I laughed out loud at the title page, which has a smirking Morrison standing by the woman’s corpse in Jerome Preudhomme’s The Death of Lucretia, while Michaelia Cash and Marise Payne play other roles – the caption: ‘Blokes don’t get it right all the time.’ Other pages – including but not limited to variations on the rape of Lucretia – are too horrible to be funny, but horrible in a bracing way. Some images land only in the general vicinity of their targets, and some – such as Scott Morrison as Aeneas carrying his ailing father in Pompeo Bartoni’s Aeneas Fleeing from Troy, saying ‘We are all Melburnians now’, or Dan Tehan as Rubens’ Saturn Devouring His Son – hit the bullseye.

This is an art book. The quality of the reproductions is excellent. The face-changes are mostly convincing, and where they’re not the effect is comic rather than shambolic (Julie Shiels must have trawled through millions of photographs to get the heads at just the right angle, the faces with just the right expression).

I recommend it as a gift for a politics-junkie friend who is into art. According to the M.33 website, only 300 copies were published, so you may need to be quick if you want one. The collages, being digital creations in the first place, can be see on Julie Shiels’s website at this link.


The GrandMasters #Sh*tf*ckery is the 15th book I’ve read for the Australian Women Writers Challenge 2021.

Journal Blitz 11

I’m constantly in catchup mode with my reading of literary journals. I tend to start each one with a sense of taking on a burdensome duty – after all, these journals are invariably dancing on the edge of the precipice of financial ruin. By about the third page I’m usually engrossed and remember why they’re worth supporting.


Evelyn Araluen and Jonathan Dunk (editors), Overland 241 (Summer 2020)
(The content is online at overland.org.au, and I’ve included links)

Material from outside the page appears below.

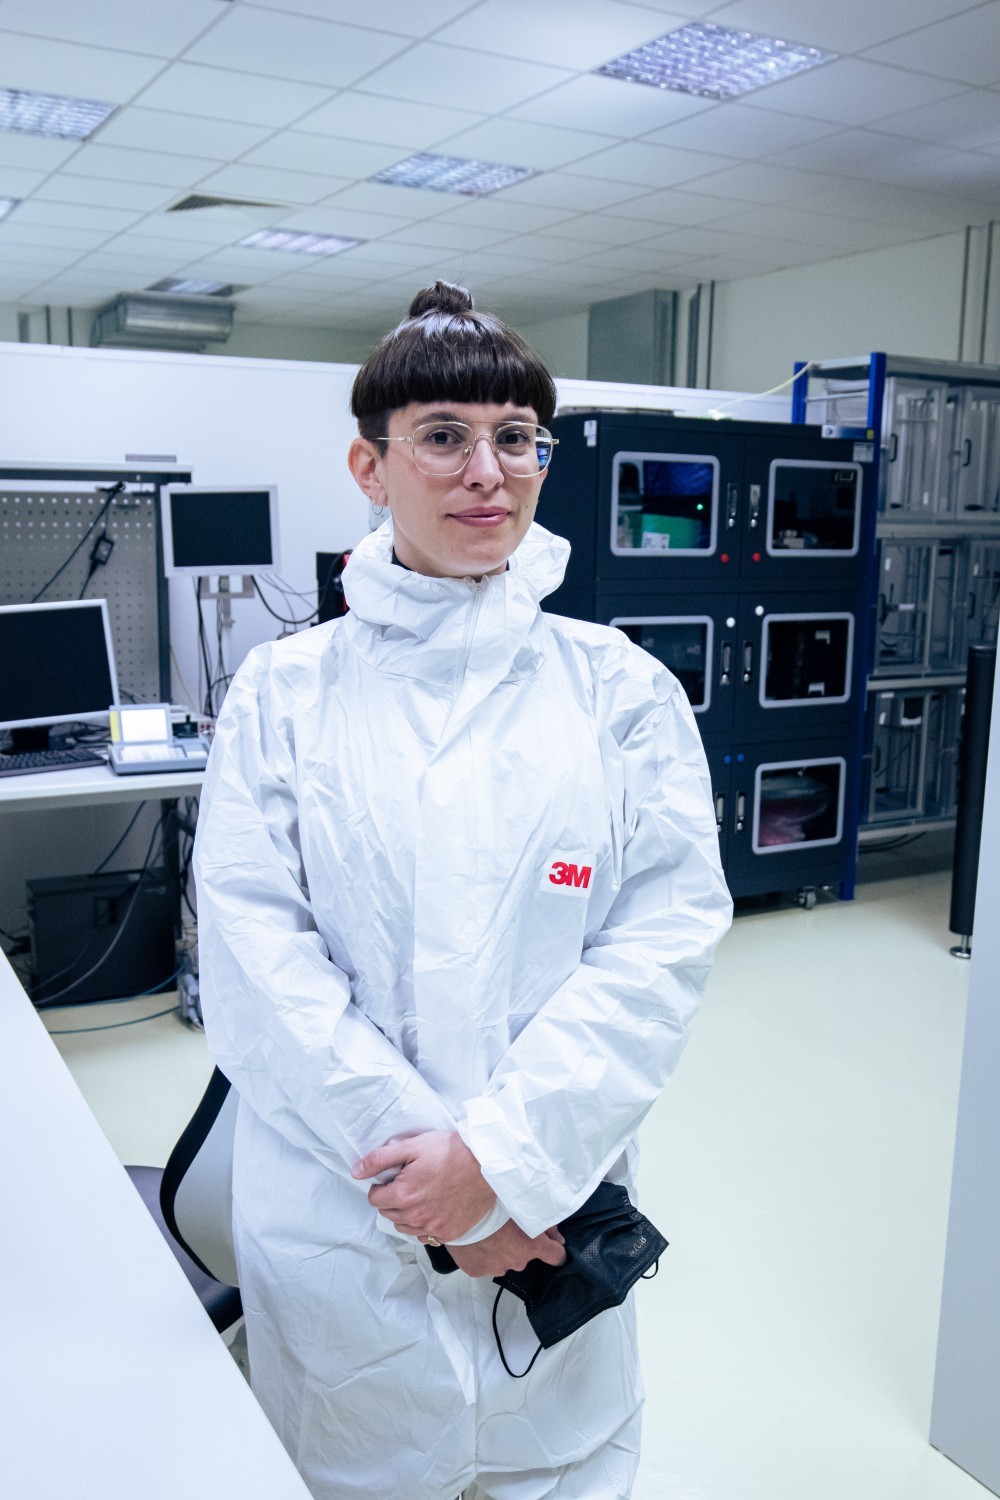 Chloé Delarue at the Silicon Detectors facility. Photo by Franciska-Leonora Toeroek © CERN

Each issue of Overland currently (that is to say, a year ago, which is where I’m up to) is a three-parter.

Taking up the first two thirds is the articles section, a platform for marginalised voices and for arguments from outside the Overton window. The stand-out article in this issue is ‘No longer malleable stuff‘ by Jeanine Leane, an uncompromising contribution to the current conversation about who has the right to tell whose stories:

Australian fictionists may and most likely will still fossick over the stolen lands of the nation but we – First Nations peoples, Peoples of Colour – are no longer the ‘malleable stuff’ of the unchecked settler imagination. Perhaps there wouldn’t be a point in talking about an author’s identity if they were all the same. But this is no longer the case. We’re not dead. And, we’re not white. We write. Our identities matter.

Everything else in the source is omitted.